Transcribe the records verbatim, images excluded.
── Source data ──
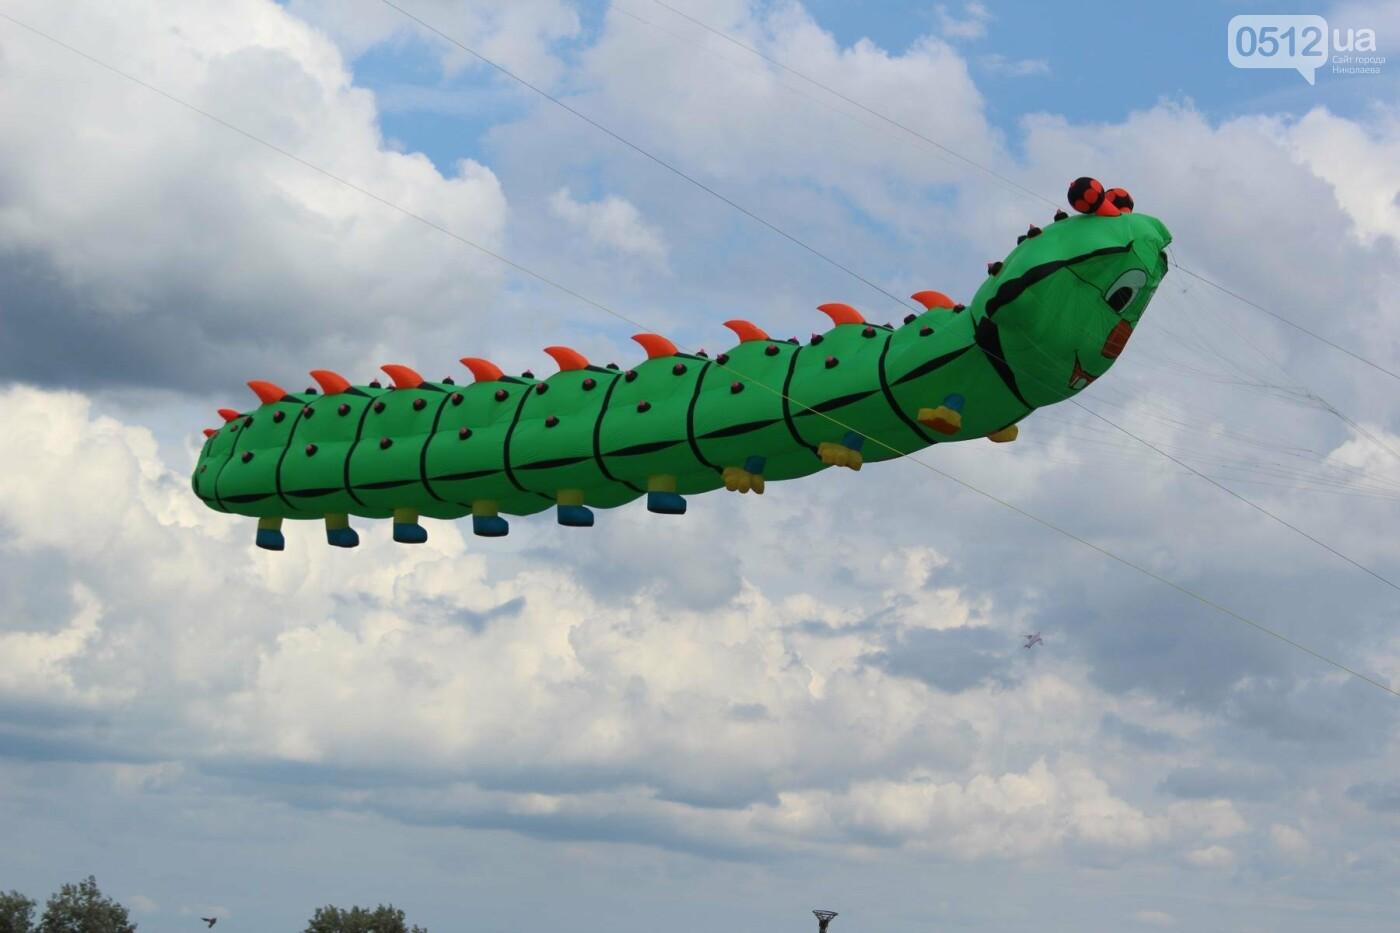 """""""Одно небо - один мир"""": в Николаеве прошел второй международный фестиваль воздушных змеев, - ФОТОРЕПОРТАЖ, фото-3"""
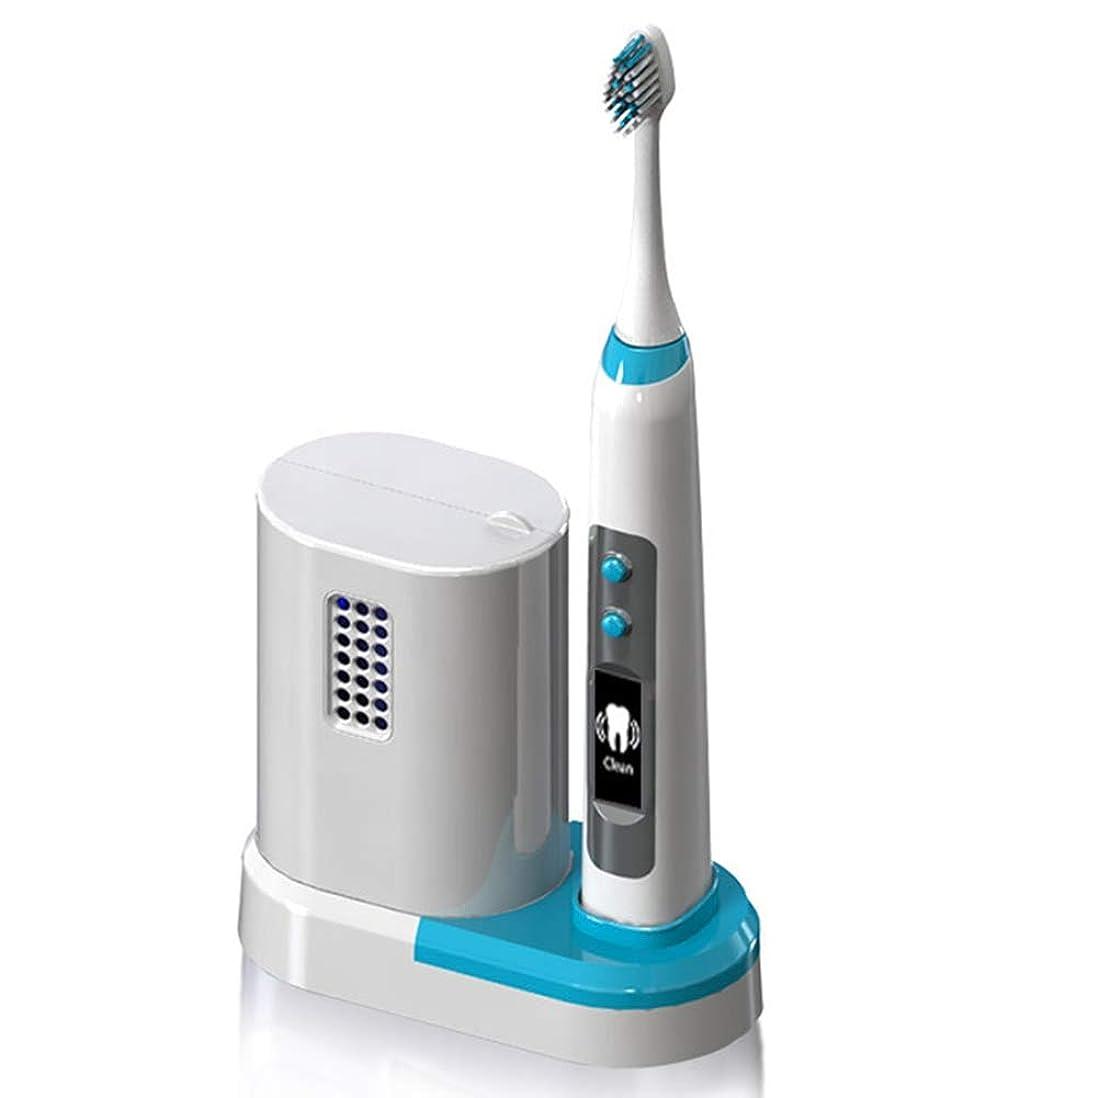 損失動詞必要ないワイヤレス誘導充電式電動歯ブラシ、音波粉砕技術、DuPontソフトブラシ素材、ボディ防水処理、UV消毒倉庫
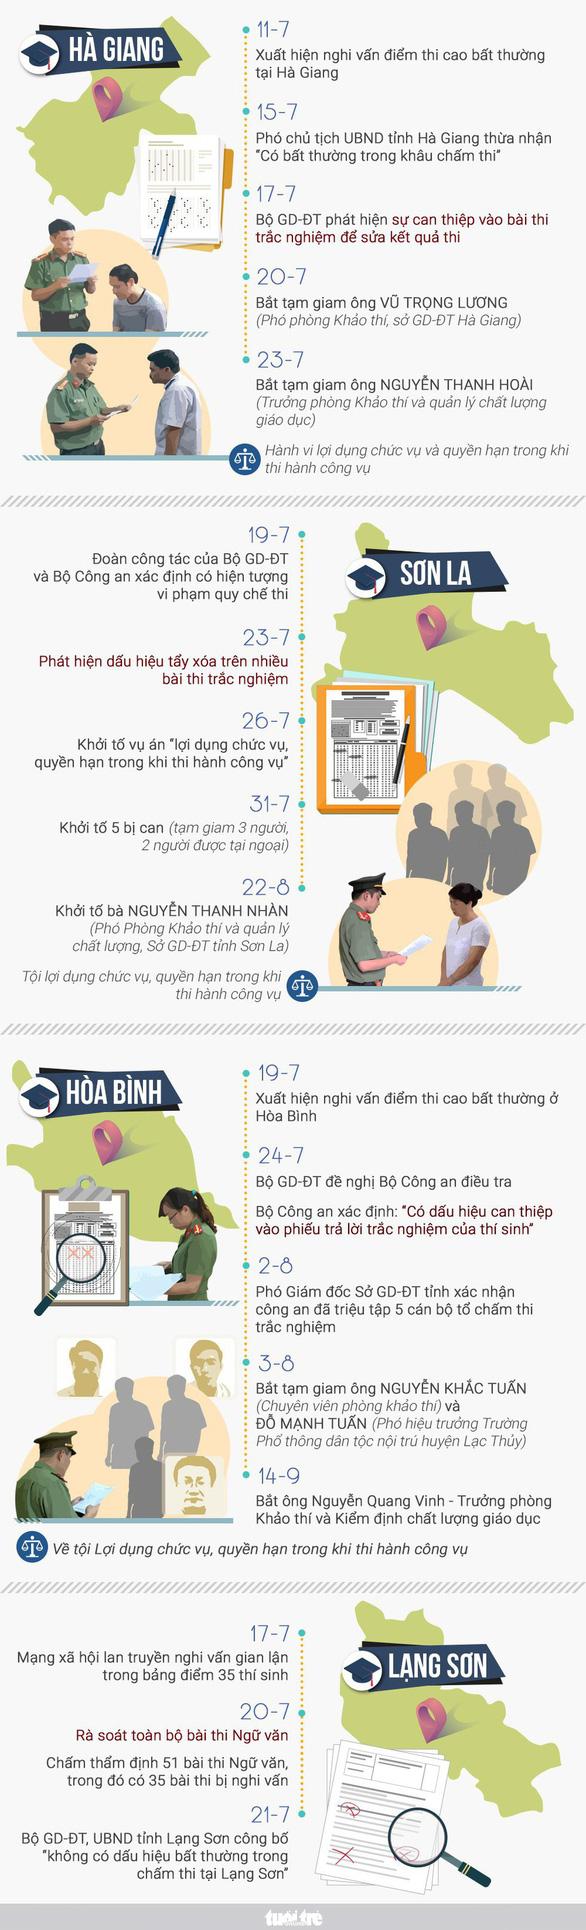 Vụ gian lận thi cử tại Sơn La: Một thiếu tá an ninh bị tước danh hiệu CAND - Ảnh 2.
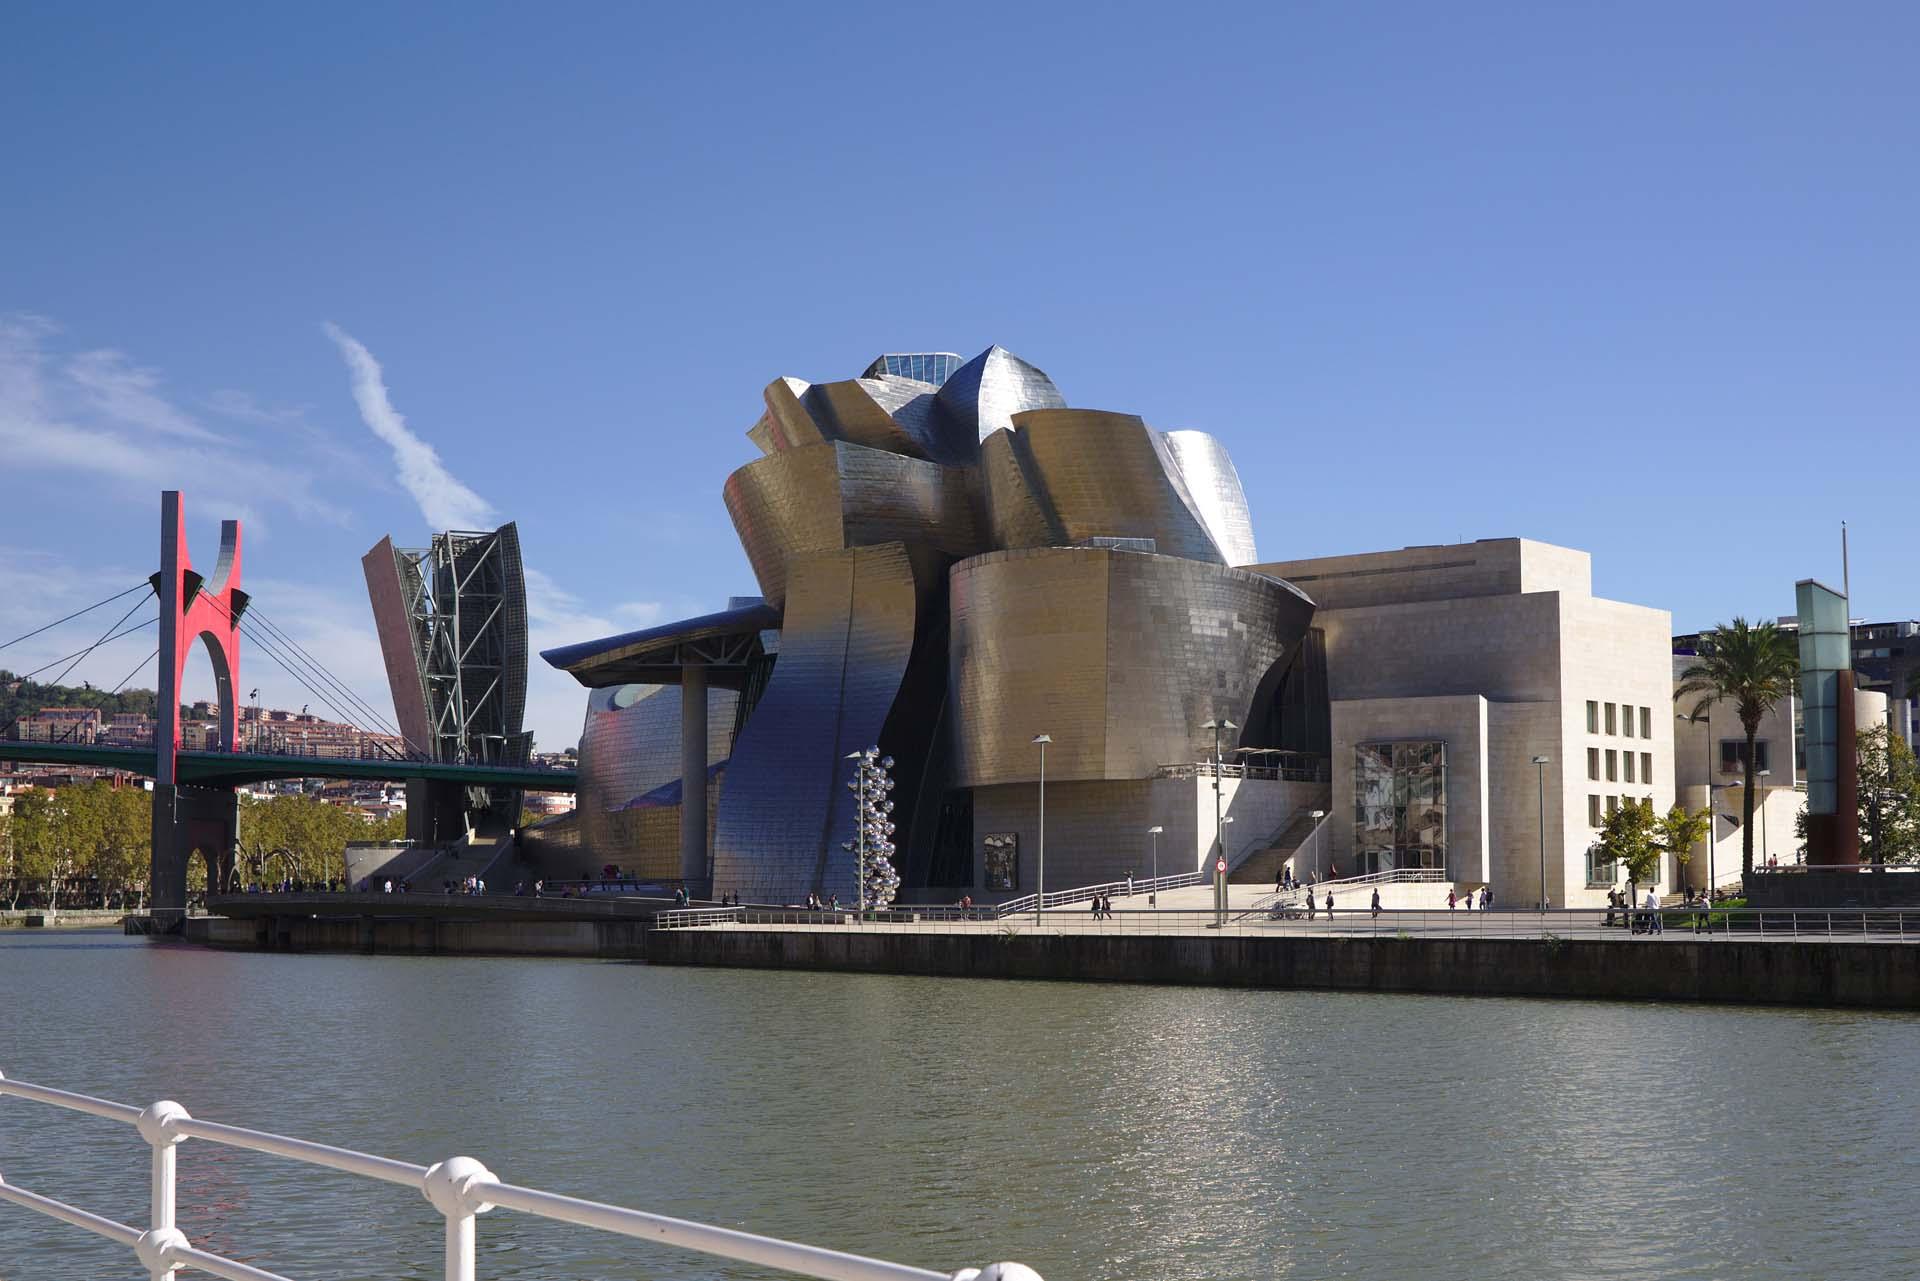 西班牙畢爾包古根漢美術館(Guggenheim Museum Bilbao)
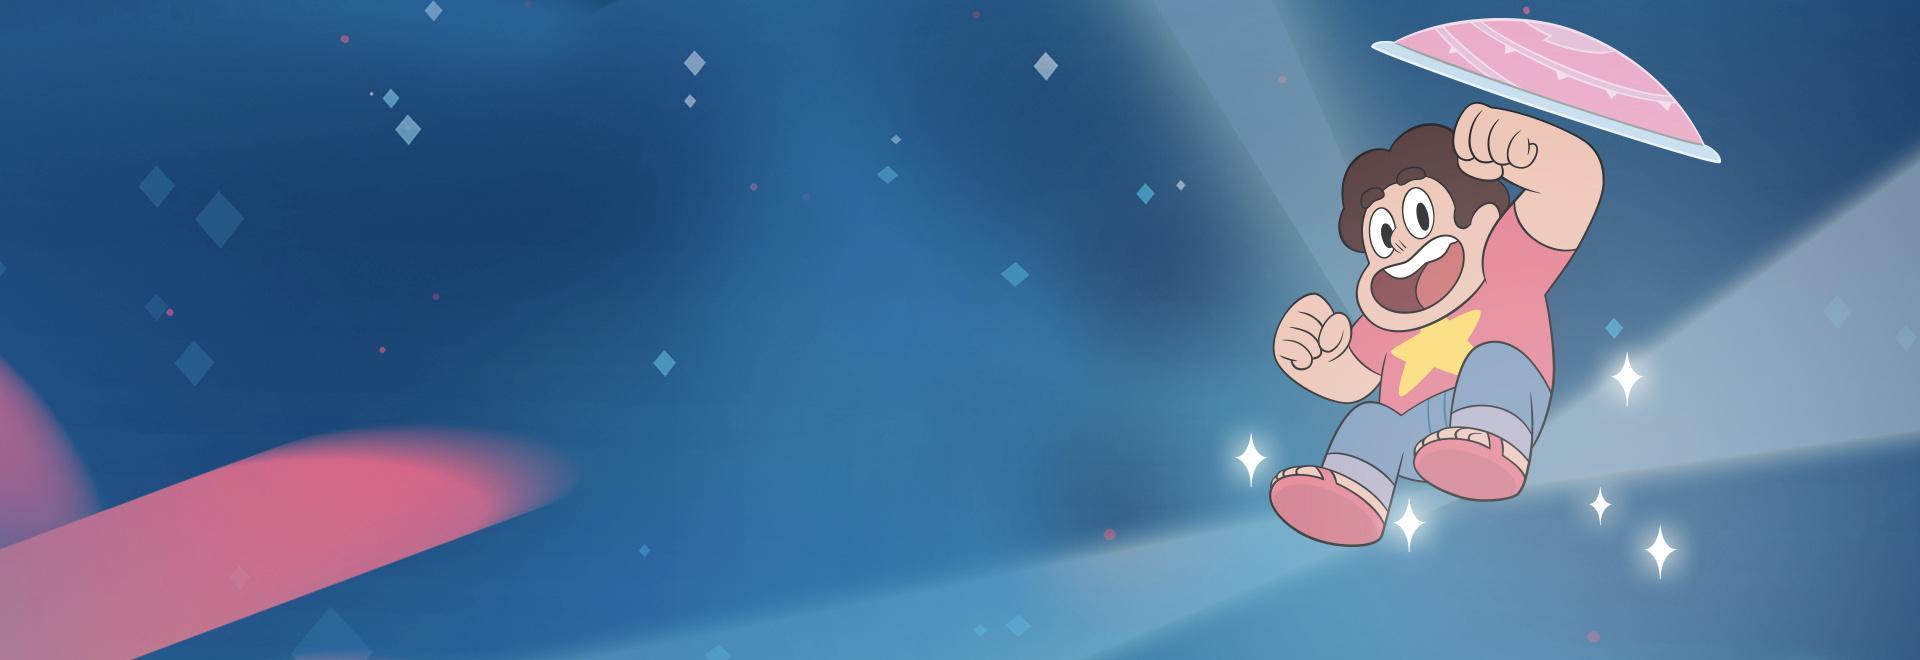 La prima missione di Connie
───
* _Solution below_
 """""""Одно небо - один мир"""": в Николаеве прошел второй международный фестиваль воздушных змеев, - ФОТОРЕПОРТАЖ, фото-3"""
 損失動詞必要ないワイヤレス誘導充電式電動歯ブラシ、音波粉砕技術、DuPontソフトブラシ素材、ボディ防水処理、UV消毒倉庫
 Vụ gian lận thi cử tại Sơn La: Một thiếu tá an ninh bị tước danh hiệu CAND - Ảnh 2.
 西班牙畢爾包古根漢美術館(Guggenheim Museum Bilbao)
 La prima missione di Connie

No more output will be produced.